PROBLEM: Transcribe exactly the lines that fall between the one holding "Fierce Child –" and the one holding "Nintendo Zubehör schwarz", inclusive, from the entries below.

DATASET EXCERPTS:
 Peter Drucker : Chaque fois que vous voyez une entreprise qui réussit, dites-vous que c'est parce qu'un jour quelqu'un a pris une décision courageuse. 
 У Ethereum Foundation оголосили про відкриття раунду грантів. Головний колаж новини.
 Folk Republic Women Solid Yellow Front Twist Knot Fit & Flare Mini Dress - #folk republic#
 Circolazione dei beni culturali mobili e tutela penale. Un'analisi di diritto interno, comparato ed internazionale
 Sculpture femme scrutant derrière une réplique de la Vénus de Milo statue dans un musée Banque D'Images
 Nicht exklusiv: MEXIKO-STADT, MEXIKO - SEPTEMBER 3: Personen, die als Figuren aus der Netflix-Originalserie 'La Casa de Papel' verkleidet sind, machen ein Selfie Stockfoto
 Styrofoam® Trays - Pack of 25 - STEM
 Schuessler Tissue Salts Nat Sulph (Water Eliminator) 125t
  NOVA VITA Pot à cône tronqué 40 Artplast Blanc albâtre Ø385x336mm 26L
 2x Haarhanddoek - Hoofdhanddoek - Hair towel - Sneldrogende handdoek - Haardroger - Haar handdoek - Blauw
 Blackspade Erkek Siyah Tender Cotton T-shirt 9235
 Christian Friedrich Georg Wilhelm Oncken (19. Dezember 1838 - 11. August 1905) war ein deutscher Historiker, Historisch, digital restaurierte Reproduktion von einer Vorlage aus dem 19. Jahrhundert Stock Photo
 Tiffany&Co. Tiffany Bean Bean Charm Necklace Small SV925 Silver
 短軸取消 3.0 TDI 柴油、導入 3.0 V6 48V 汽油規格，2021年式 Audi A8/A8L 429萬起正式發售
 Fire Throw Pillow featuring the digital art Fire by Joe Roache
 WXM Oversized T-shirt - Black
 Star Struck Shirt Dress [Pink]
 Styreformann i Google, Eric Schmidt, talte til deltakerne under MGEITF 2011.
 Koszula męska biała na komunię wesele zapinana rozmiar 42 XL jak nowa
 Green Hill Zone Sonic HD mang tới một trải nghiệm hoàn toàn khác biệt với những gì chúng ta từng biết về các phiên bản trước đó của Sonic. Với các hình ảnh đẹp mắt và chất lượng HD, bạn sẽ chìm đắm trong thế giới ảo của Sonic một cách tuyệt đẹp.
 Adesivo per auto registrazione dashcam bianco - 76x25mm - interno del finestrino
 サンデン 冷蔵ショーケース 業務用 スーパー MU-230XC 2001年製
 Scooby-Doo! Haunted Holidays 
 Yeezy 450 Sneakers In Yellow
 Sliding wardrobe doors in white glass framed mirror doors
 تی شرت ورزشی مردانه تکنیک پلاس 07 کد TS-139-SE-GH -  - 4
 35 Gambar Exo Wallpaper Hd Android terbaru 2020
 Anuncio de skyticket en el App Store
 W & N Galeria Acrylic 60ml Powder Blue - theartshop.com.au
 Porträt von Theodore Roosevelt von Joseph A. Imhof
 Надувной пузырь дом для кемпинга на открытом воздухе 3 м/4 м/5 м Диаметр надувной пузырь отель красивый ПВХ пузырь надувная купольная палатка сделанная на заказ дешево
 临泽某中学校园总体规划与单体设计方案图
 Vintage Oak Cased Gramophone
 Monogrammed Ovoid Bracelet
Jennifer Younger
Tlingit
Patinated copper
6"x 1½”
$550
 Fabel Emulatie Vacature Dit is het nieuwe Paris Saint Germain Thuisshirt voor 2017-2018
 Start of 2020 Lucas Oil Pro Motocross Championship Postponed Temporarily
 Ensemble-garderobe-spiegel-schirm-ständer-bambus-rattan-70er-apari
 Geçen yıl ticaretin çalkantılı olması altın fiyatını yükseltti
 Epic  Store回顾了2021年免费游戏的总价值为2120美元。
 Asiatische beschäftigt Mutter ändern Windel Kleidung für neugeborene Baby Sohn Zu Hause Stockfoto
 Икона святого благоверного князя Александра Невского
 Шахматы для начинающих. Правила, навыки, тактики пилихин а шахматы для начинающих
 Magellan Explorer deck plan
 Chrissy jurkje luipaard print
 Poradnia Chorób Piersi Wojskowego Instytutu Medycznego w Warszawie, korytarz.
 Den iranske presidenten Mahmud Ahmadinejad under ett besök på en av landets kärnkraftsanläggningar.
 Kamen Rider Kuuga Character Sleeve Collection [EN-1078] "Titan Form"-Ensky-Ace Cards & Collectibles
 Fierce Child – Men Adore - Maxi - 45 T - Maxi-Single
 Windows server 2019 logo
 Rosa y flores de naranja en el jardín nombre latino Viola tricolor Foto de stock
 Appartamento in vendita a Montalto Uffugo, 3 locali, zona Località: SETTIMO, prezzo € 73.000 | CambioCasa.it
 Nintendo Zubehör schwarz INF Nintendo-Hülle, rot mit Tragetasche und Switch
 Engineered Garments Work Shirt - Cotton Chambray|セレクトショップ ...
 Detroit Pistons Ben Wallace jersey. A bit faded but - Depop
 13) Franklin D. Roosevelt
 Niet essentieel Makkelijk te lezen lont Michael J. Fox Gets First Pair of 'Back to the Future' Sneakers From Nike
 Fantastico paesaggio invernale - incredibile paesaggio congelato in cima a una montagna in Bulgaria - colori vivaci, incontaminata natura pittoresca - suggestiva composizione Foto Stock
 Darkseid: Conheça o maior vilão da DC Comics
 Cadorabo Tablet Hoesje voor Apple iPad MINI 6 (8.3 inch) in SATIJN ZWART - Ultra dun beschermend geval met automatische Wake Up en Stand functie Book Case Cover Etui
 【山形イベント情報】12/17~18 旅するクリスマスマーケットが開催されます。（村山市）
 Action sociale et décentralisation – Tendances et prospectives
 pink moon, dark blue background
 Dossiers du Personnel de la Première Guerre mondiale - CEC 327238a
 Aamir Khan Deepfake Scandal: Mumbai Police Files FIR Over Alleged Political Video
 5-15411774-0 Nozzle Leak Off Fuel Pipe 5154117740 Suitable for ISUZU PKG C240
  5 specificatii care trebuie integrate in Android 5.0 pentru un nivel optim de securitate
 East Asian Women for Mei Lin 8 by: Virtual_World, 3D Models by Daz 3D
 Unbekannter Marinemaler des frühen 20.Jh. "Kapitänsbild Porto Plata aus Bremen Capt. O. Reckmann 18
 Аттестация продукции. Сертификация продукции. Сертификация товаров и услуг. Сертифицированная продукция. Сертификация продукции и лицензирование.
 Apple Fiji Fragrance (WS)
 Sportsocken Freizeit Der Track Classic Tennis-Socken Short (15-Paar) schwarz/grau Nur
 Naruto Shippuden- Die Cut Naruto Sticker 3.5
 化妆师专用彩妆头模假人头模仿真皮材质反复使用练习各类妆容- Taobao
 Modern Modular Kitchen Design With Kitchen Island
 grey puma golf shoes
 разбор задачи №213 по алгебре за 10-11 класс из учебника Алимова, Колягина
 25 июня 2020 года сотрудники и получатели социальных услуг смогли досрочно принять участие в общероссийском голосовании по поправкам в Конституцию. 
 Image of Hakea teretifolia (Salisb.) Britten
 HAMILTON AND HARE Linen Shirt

THE COMPLETED TASK:
 Fierce Child – Men Adore - Maxi - 45 T - Maxi-Single
 Windows server 2019 logo
 Rosa y flores de naranja en el jardín nombre latino Viola tricolor Foto de stock
 Appartamento in vendita a Montalto Uffugo, 3 locali, zona Località: SETTIMO, prezzo € 73.000 | CambioCasa.it
 Nintendo Zubehör schwarz INF Nintendo-Hülle, rot mit Tragetasche und Switch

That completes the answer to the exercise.